This technique improves the resolution of the conventional TDC by stretching the pulse then propagating it through the inverter chain delay line-based TDC. In this case the gain in the resolution is the stretching factor used to increase the pulse width. The stretching is performed by applying the input pulse to a CMOS switch that discharges a pre-charged capacitor with constant current until the pulse finishes. The capacitor is charged afterwards using smaller current. In this case the charging time will be proportional to the original pulse width and the proportionality factor, or the stretching factor, is the ratio between the discharging and charging currents. Unfortunately this technique leads to increased latency and poor DNL [19].

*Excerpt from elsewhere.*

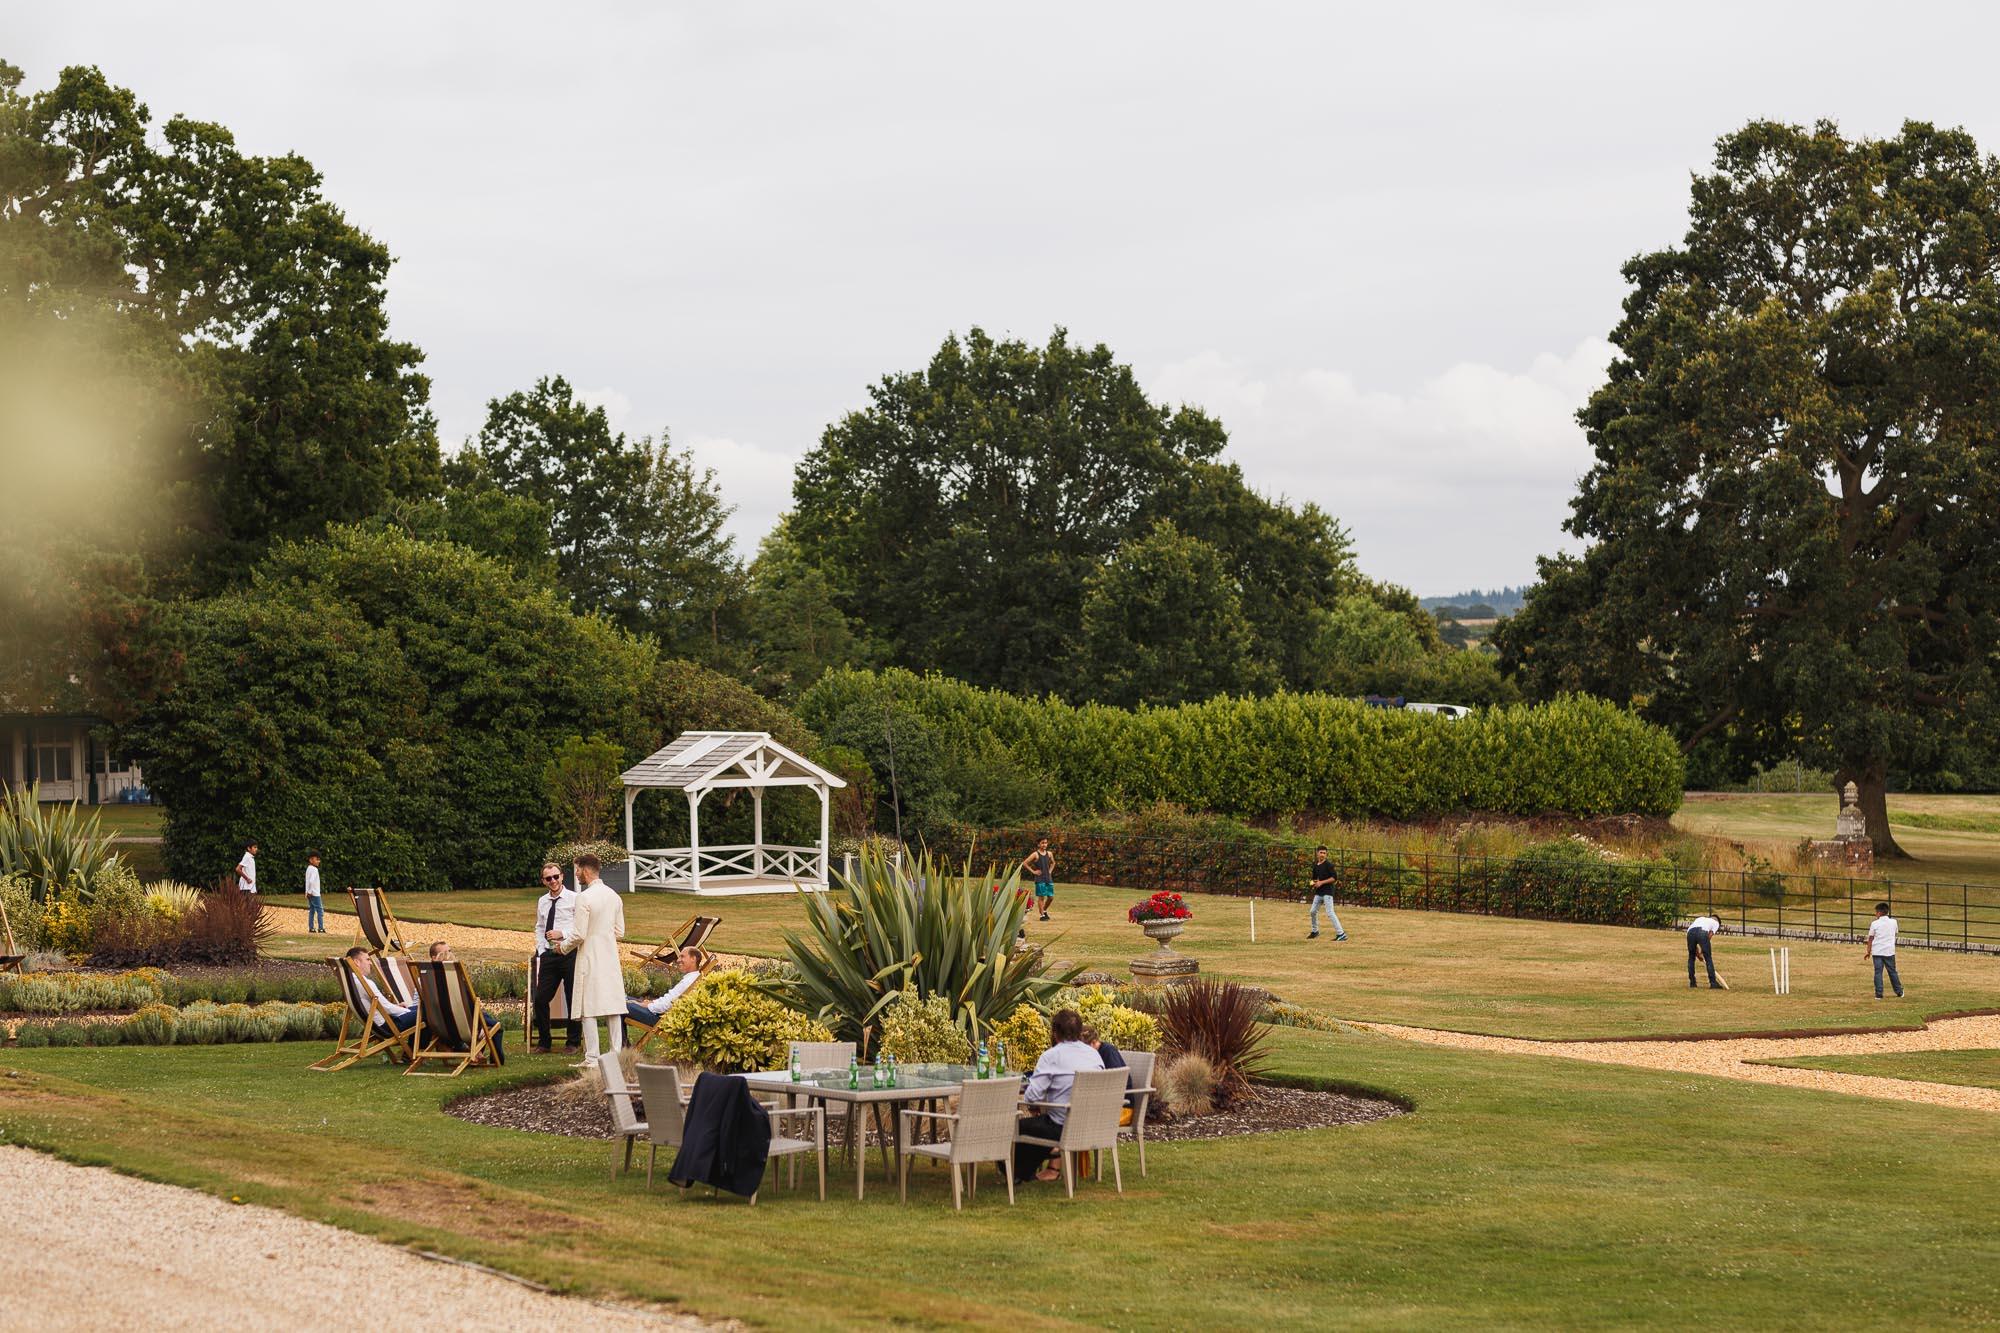 De Vere Wokefield Estate, Asian wedding photographer, wedding venue, cricket

Table 2.1 summarizes the pros and cons of the aforementioned techniques. From the table it can be observed that there is a tradeoff between the resolution and the latency. Resolution defines the minimum time-step that the TDC can resolve while the latency limits the event rate of the input. In order to attain high resolution, the event rate will be sacrificed and vice versa. Consequently, the resolution and the bandwidth of the input should be compromised.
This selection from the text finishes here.